Supercars legend Lowndes announces retirement
Craig Lowndes has confirmed he'll retire as a full-time Supercars driver at the end of the 2018 season.
The veteran superstar will call time on a career that spans more than two decades and yielded three Australian Touring Car Championship titles, six Bathurst 1000 crowns, and 106 ATCC/Supercars race wins.
Lowndes, who is contracted to Triple Eight until the end of the 2019 season, will carry on with the team as an endurance driver.
He will also be part of the Supercars TV broadcast team.
“I’ve always said there are two key factors keeping me racing and those are my motivation to keep getting up and doing what I love and my competitiveness, and for me, nothing has changed," said Lowndes.
"But at the same time I want to make sure I finish my last full-time season with some strong results in the bag and after this year’s results so far [Triple Eight boss] Roland [Dane] and I came to the decision between us that this will be my last full season behind the wheel.
“I definitely won’t be pursuing a drive with any other teams in Supercars.
"I’ll be staying with Triple Eight and I’m looking forward to an exciting new chapter as an ambassador for the team and of course co‑driving with Triple Eight in the enduros. I’m also pleased to announce that I’ll be joining the broadcast team, which is something I’m really looking forward to.
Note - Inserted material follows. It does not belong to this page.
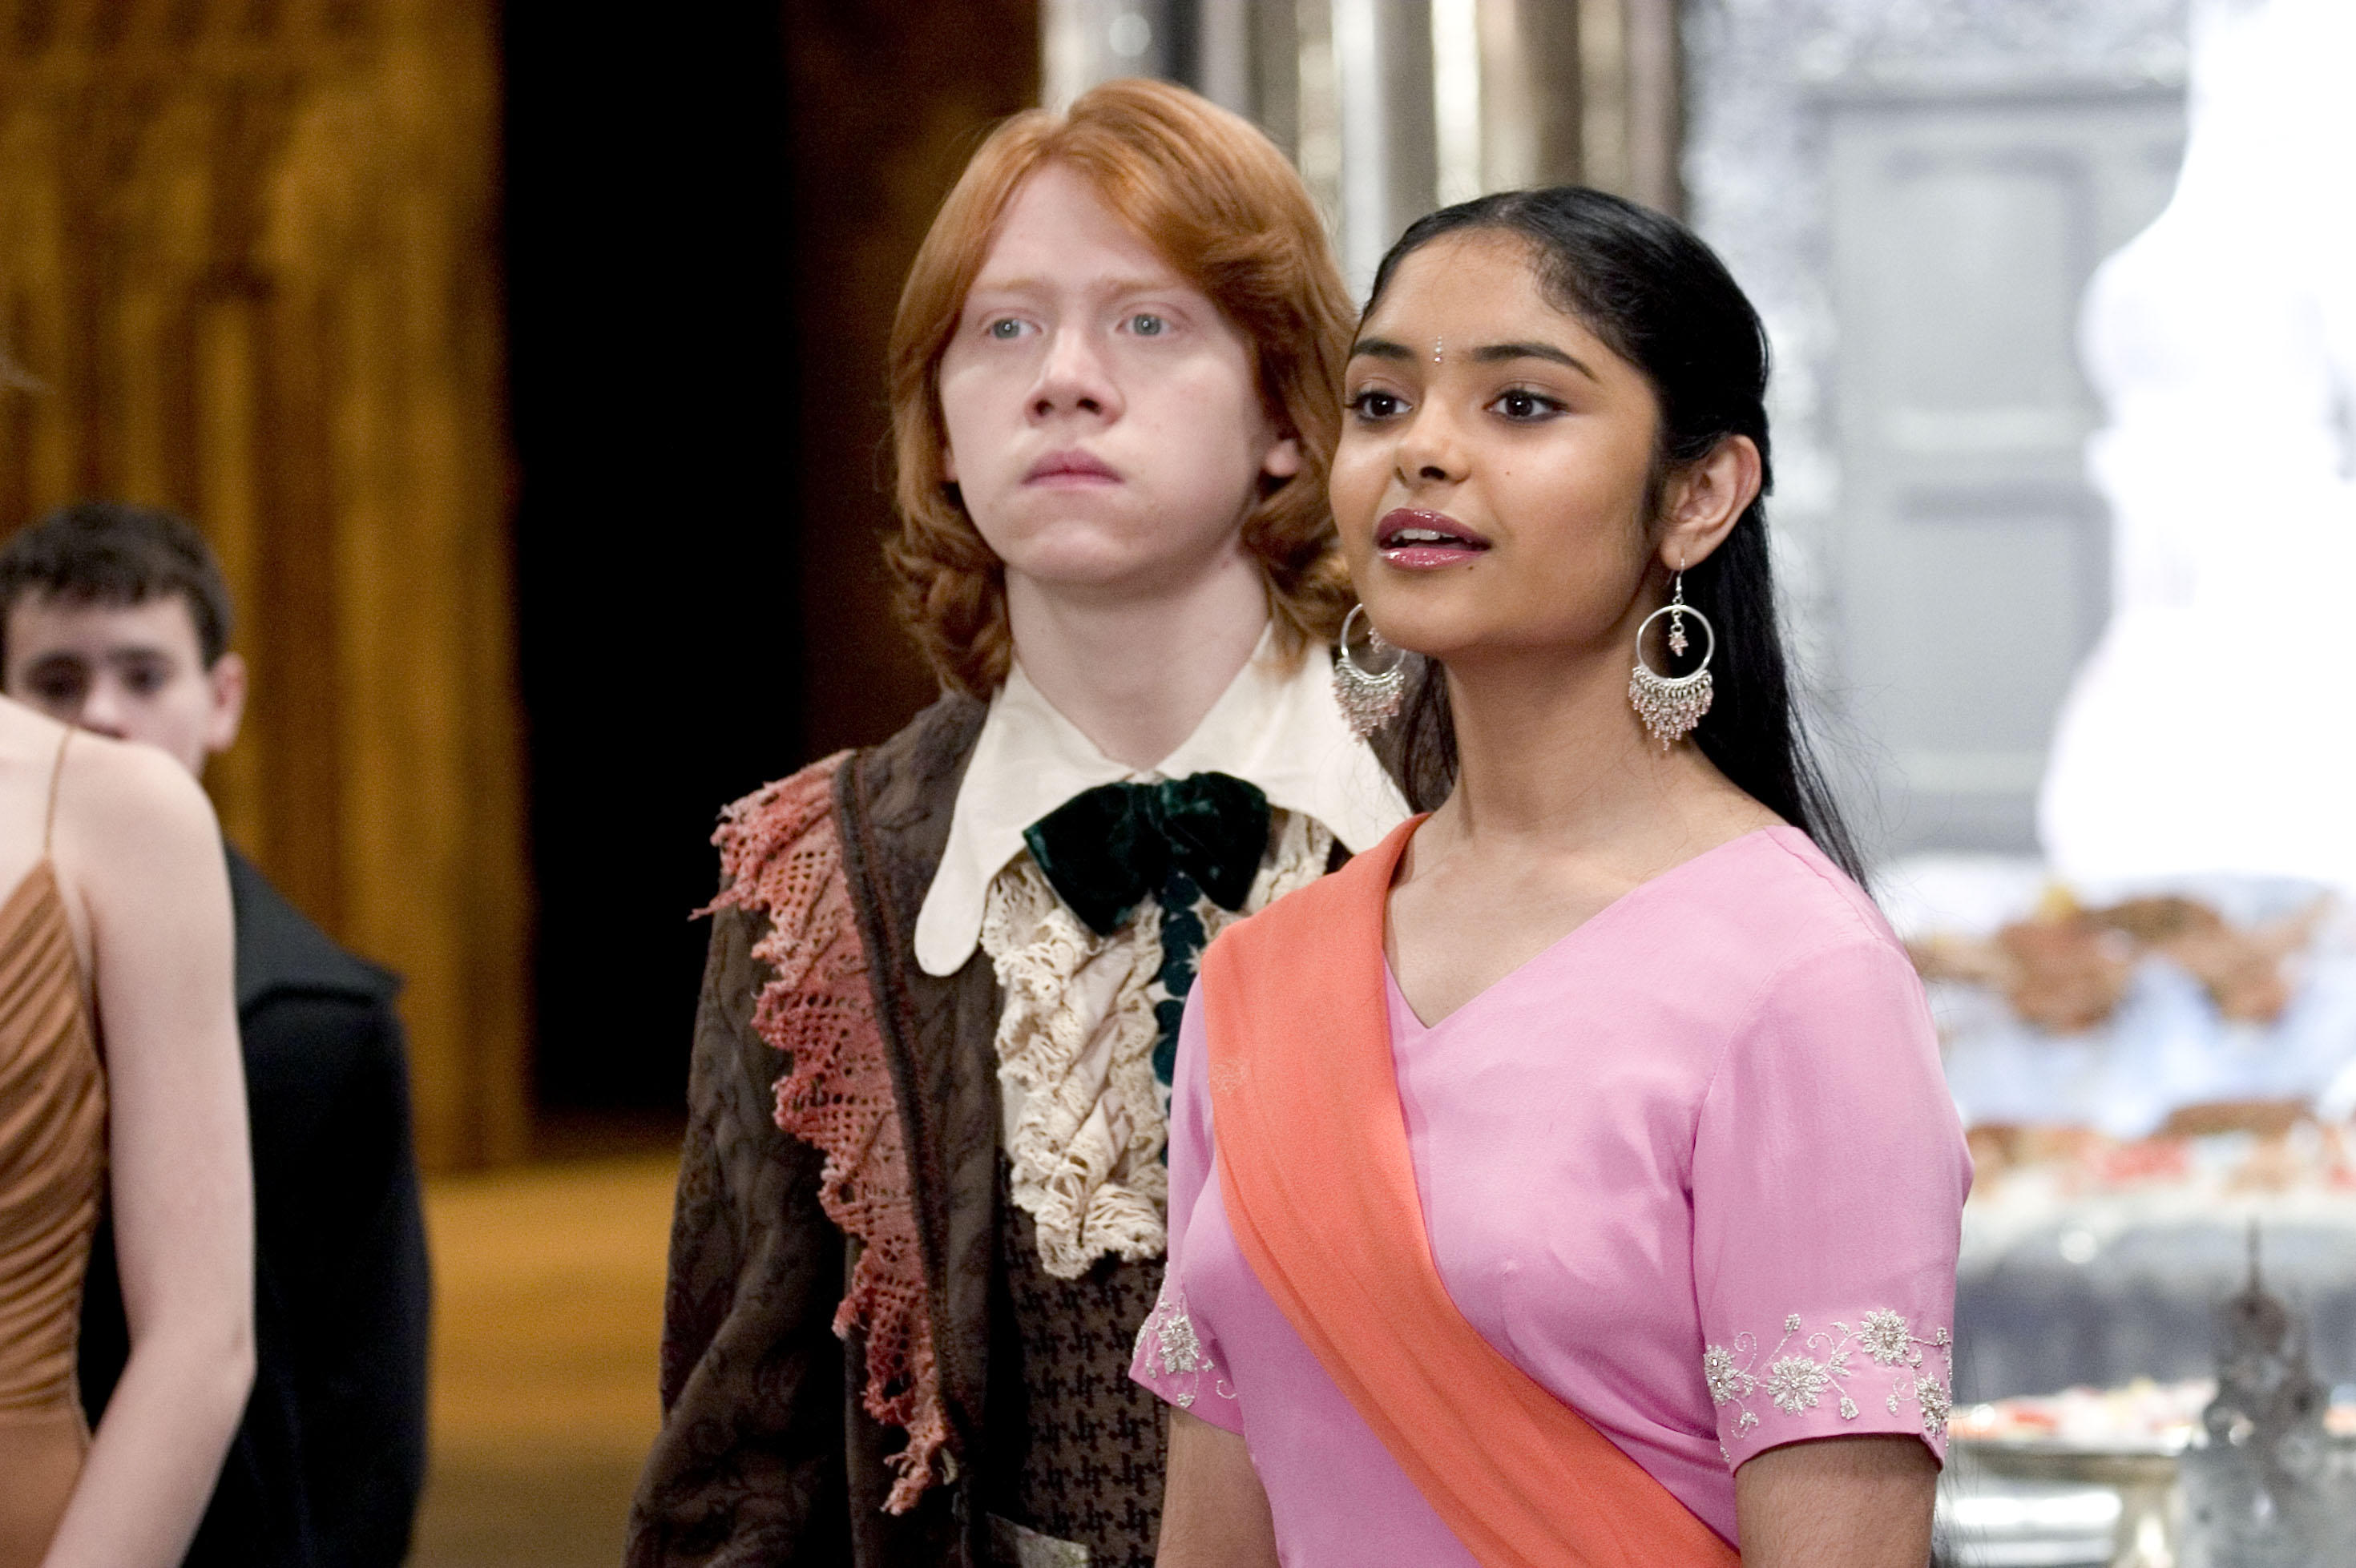 Afshan played Padma Patil in the hit films, based on the books by JK Rowling

It’s not the last time you’ll see this grin in pitlane.
Lowndes, 44, made his ATCC debut for the Holden Racing Team as an endurance driver alongside Brad Jones back in 1994, before replacing Tomas Mezera as one of the team's full-time drivers for the 1996 season.
He immediately won the first of three championships, as well as both the Sandown 500 and Bathurst 1000.
An unsuccessful stint in European Formula 3000 followed in 1997, Lowndes then returning to Australia and HRT to win another pair of ATCC titles in 1998 and 1999.
In 2000 Lowndes made one of the most publicised manufacturer changes in ATCC/Supercars when he switched from Holden to Ford, that ultimately paving the way for a move to the newly-formed Triple Eight outfit – which was running Fords at the time – for the 2005 season.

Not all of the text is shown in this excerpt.